Policy maker Adam Posen said on Jan. 23 that officials will increase their bond-purchase target next month if new forecasts for growth and inflation justify more stimulus. The central bank projected in November that inflation will fall below its 2 percent target at the end of this year.
A double dip would be the first since 1975, when the economy shrank in the second and third quarters of that year. It had previously contracted in the nine months through March 1974, as the oil crisis pushed up global energy prices.
Britain’s economy exited the most recent recession in the July-September period of 2009 after shrinking for five quarters.
European finance ministers meeting in Brussels over the past two days signaled they would push Greece’s private investors to accept bigger losses as part of a debt-swap deal. The brinkmanship over the deal clouded progress toward new fiscal rules and a beefed-up rescue fund, part of officials’ plan to resolve the debt crisis.
In addition to the euro turmoil, the U.K.’s recovery is being curbed by Prime Minister David Cameron’s fiscal squeeze, which is undermining consumer confidence. Unemployment rose to the highest in almost 16 years in the quarter through November.

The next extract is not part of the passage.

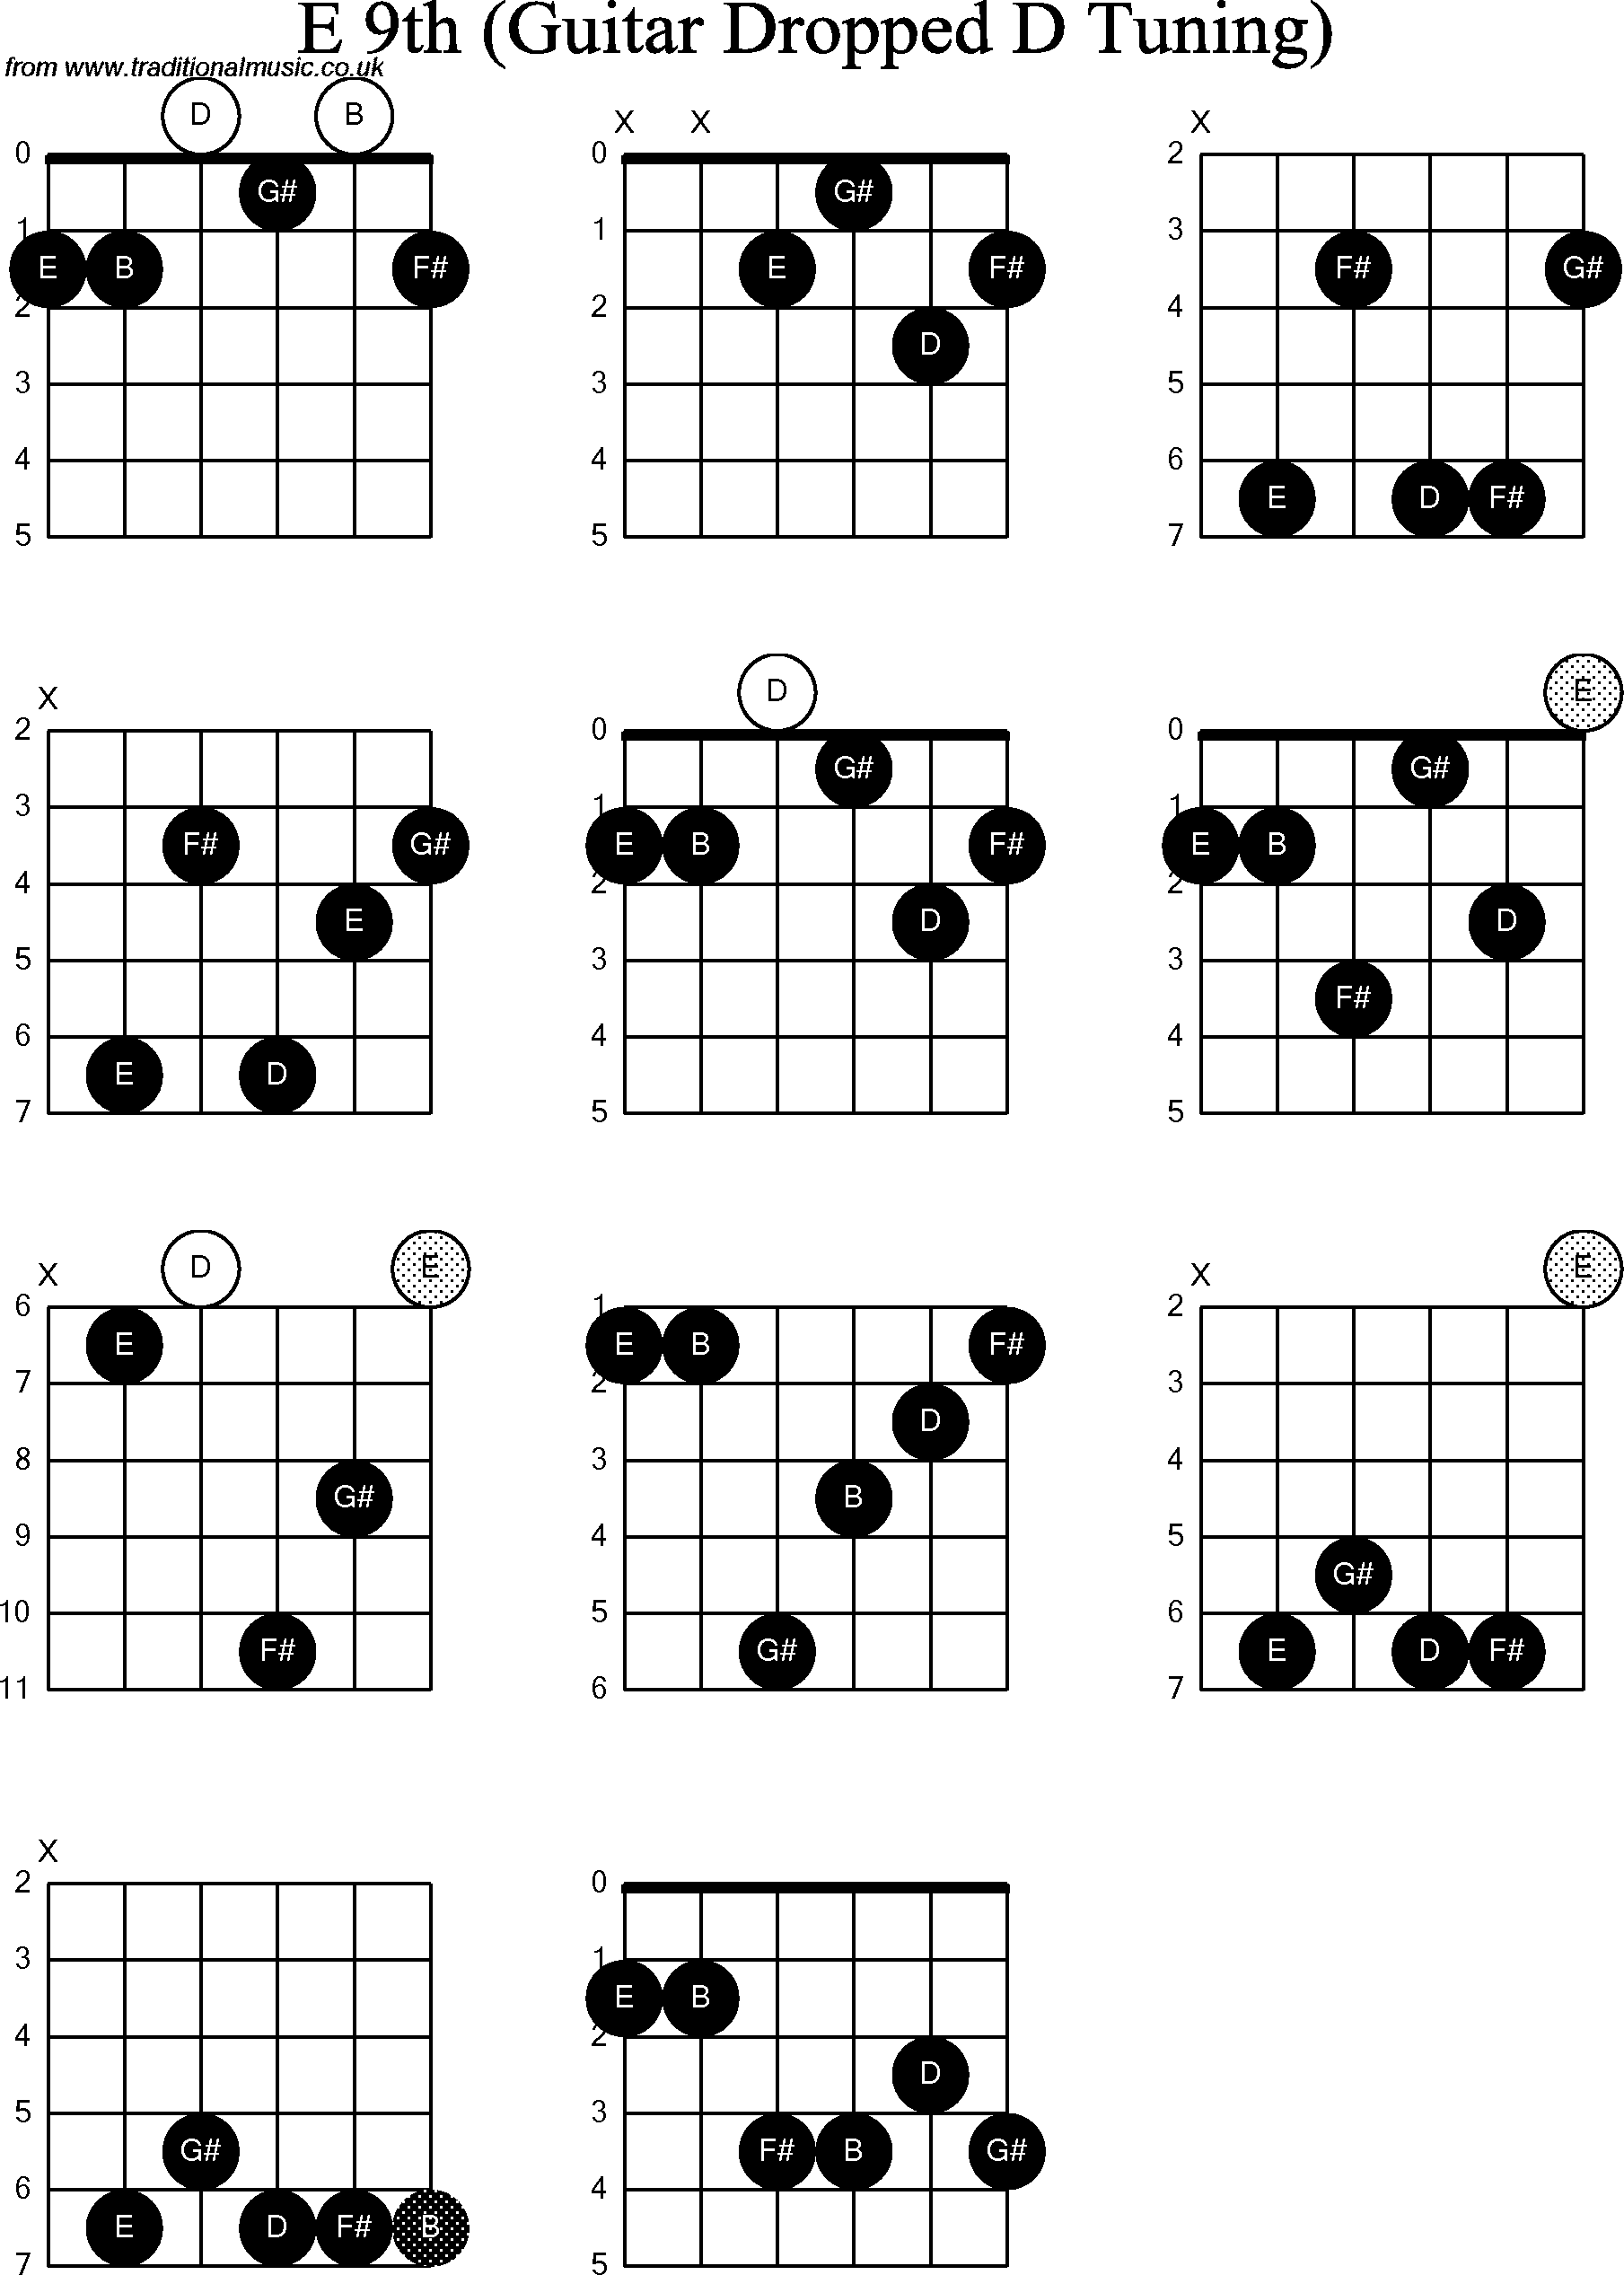 Chord diagrams for dropped D Guitar(DADGBE), E9th

Electronics retailer Kesa Electricals Plc said Jan. 19 that gross profit as a proportion of sales fell 0.9 percentage points in the fiscal third quarter due to weak market conditions.
Out of the 33 economists in the Bloomberg survey, 25 forecast a contraction in the fourth quarter, with the Centre for Economic and Business Research and Standard Chartered Plc projecting a 0.7 percent slump. Three economists forecast stagnation, while five expect expansion.